Pagi Ini, Menkeu Luncurkan Program Percontohan Kredit Ultra Mikro

Suci Sedya Utami    •    Senin, 14 Aug 2017 06:46 WIB
perbankanukmkreditkredit ultra mikro
Pagi Ini, Menkeu Luncurkan Program Percontohan Kredit Ultra Mikro
Menteri Keuangan Sri Mulyani Indrawti (AFP PHOTO/PRAKASH SINGH)

Metrotvnews.com, Bogor: Menteri Keuangan Sri Mulyani Indrawati bersama empat Menteri Kabinet Kerja pagi ini, Senin 14 Agustus 2017, bakal meluncurkan program percontohan pemberian akses kredit pada usaha ultra mikro atau usaha mikro yang berada di level paling bawah.

Program ultra mikro ini merupakan sinergi yang dilakukan para menteri dalam rangka mengangkat ekonomi rakyat melalui inklusi keuangan. Pilot procect dilakukan di 19 kabupaten kota di seluruh Indonesia.
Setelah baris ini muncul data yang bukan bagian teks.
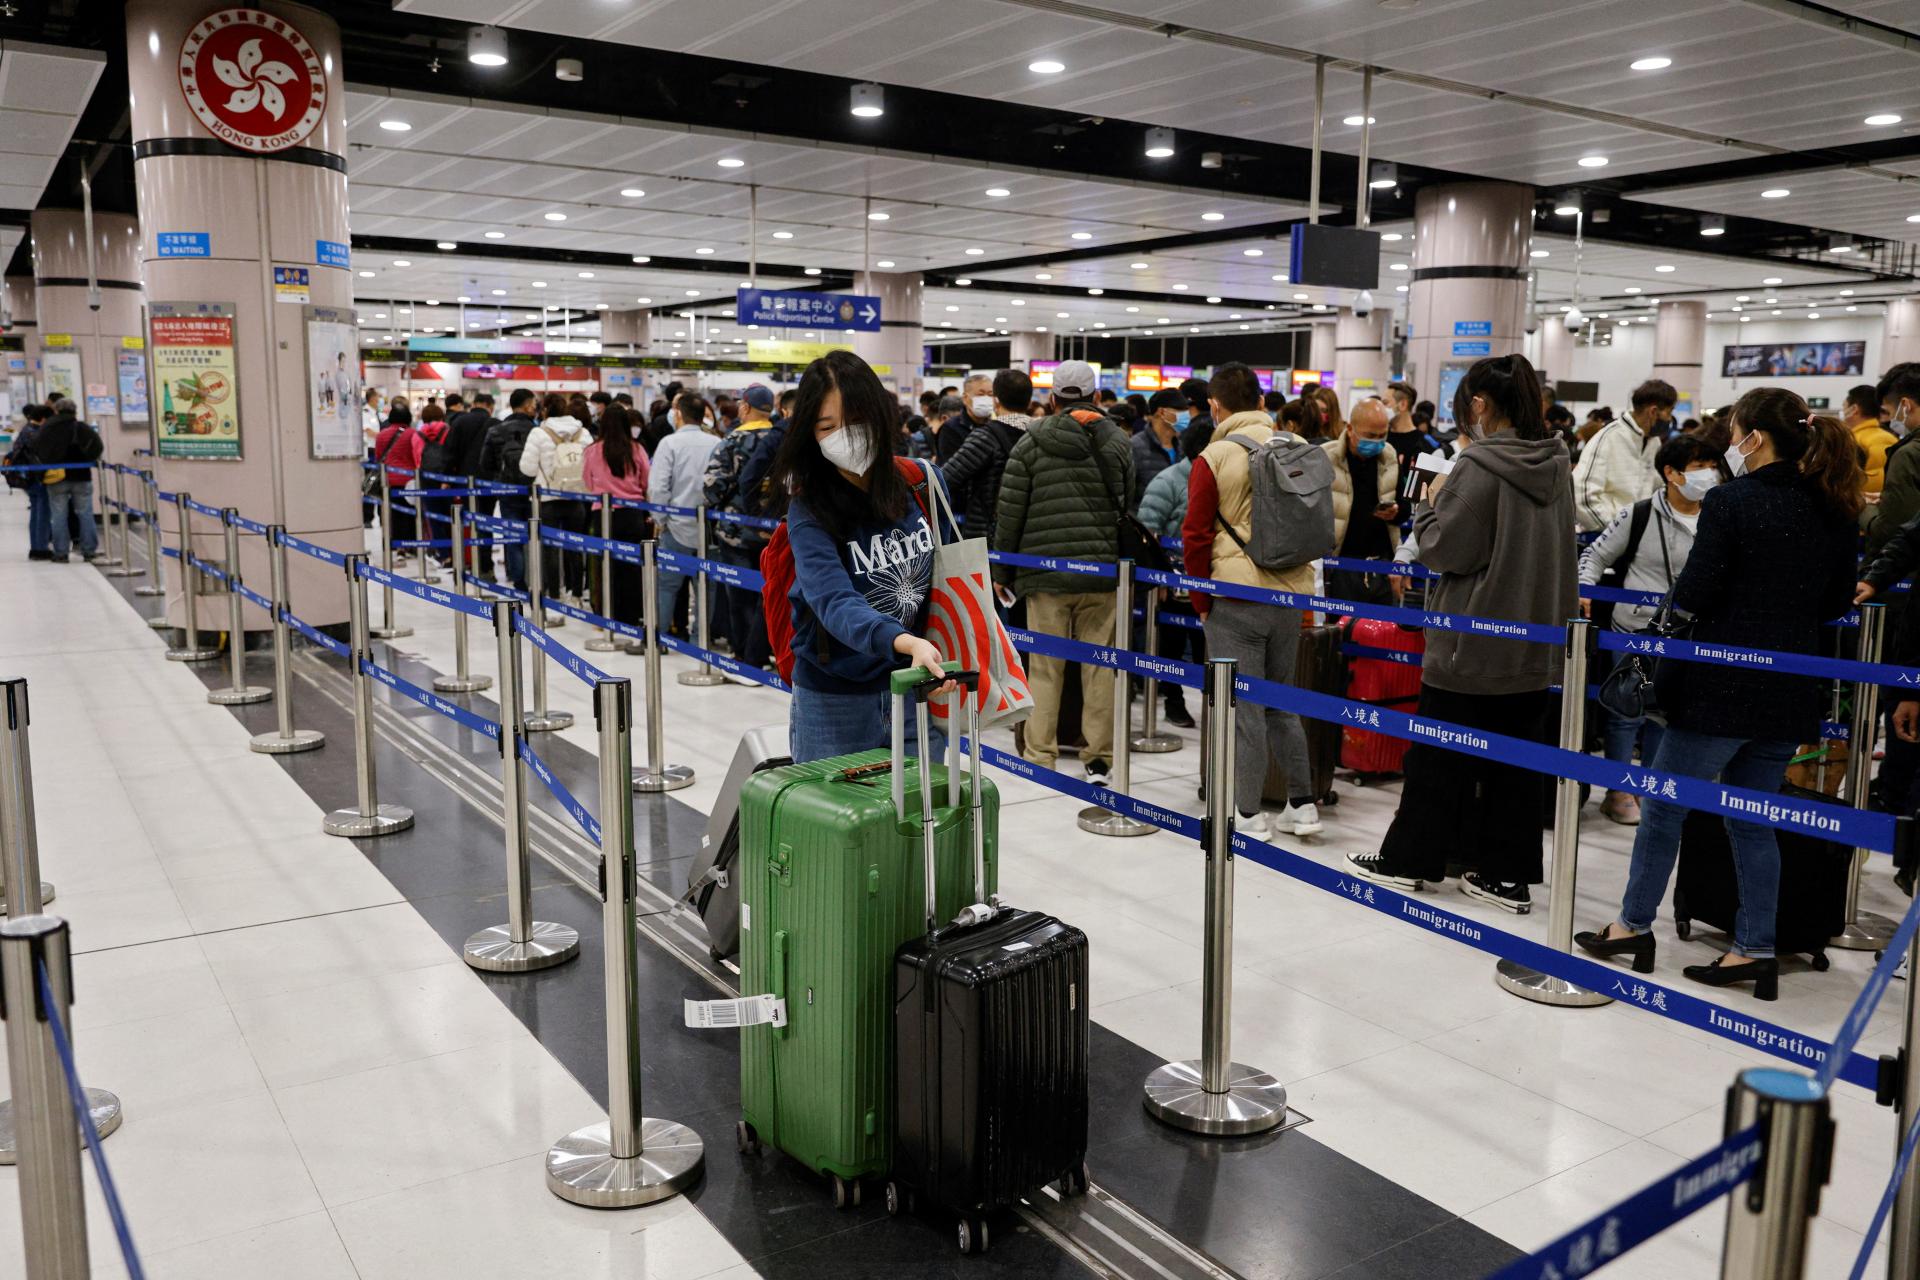 Čína znova otvorila hranice a zrušila pandemické opatrenia, do krajiny už smerujú tisíce ľudí z Hongkongu

Pilot project ini akan diluncurkan Ani, sapaan akrabnya, di Desa Angin Pasir, Mega Mendung, Bogor, Jawa Barat.

Sementara itu, empat menteri lainnya yakni Menteri Sosial Khofifah Indar Parawansa akan berada di Cawang Jakarta Timur, Menteri KKP Susi Pudjiastuti berada di Tanjung Priok, Menkop UKM AAGN Puspayoga di Bojonegoro Jawa Timur, dan Menkominfo di Cibubur Jakarta Timur.



Sedangkan di daerah lainnya akan diwakilkan oleh kepala daerah masing-masing. Semua menteri dan kepala daerah akan terhubung dalam layanan teleconference. Plt Kepala Pusat Investasi Pemerintah Syahrir Ika menjelaskan selama ini ada sedikitnya 61 juta usaha yang masuk dalam kategori UMKM.

Dari angka tersebut, hanya 17 juta yang bisa mendapatkan akses pembiayaan dari perbankan berupa Kredit Usaha Rakyat (KUR). Sementara sisanya 44 juta belum mendapat akses pembiayaan dari perbankan.

Syahrir menjelaskan alasan mengapa jumlah tersebut belum mendapat akses pembiayaan. Sebab, perbankan selama ini meminjamkan atau menyasar untuk memberikan kredit pada usaha yang memenuhi persyaratan yakni adanya aset tetap yang digunakan untuk agunan atau jaminan.

Sementara usaha ultra mikro kebanyakan merupakan masyarakat yang berada di kelas ekonomi paling rendah. "Sebanyak 61 juta usaha tergolong UMKM, sebagian dari mereka berada di ultra mikro seperti pedagang rokok, pedagang mie ayam. Mereka enggak miliki aset tetap seperti agunan," kata Syahrir.

Berbeda dengan KUR atau kredit komersial, kredit ultra mikro bisa diakses masyarakat tanpa adanya jaminan seperti yang diperuntukkan pada KUR.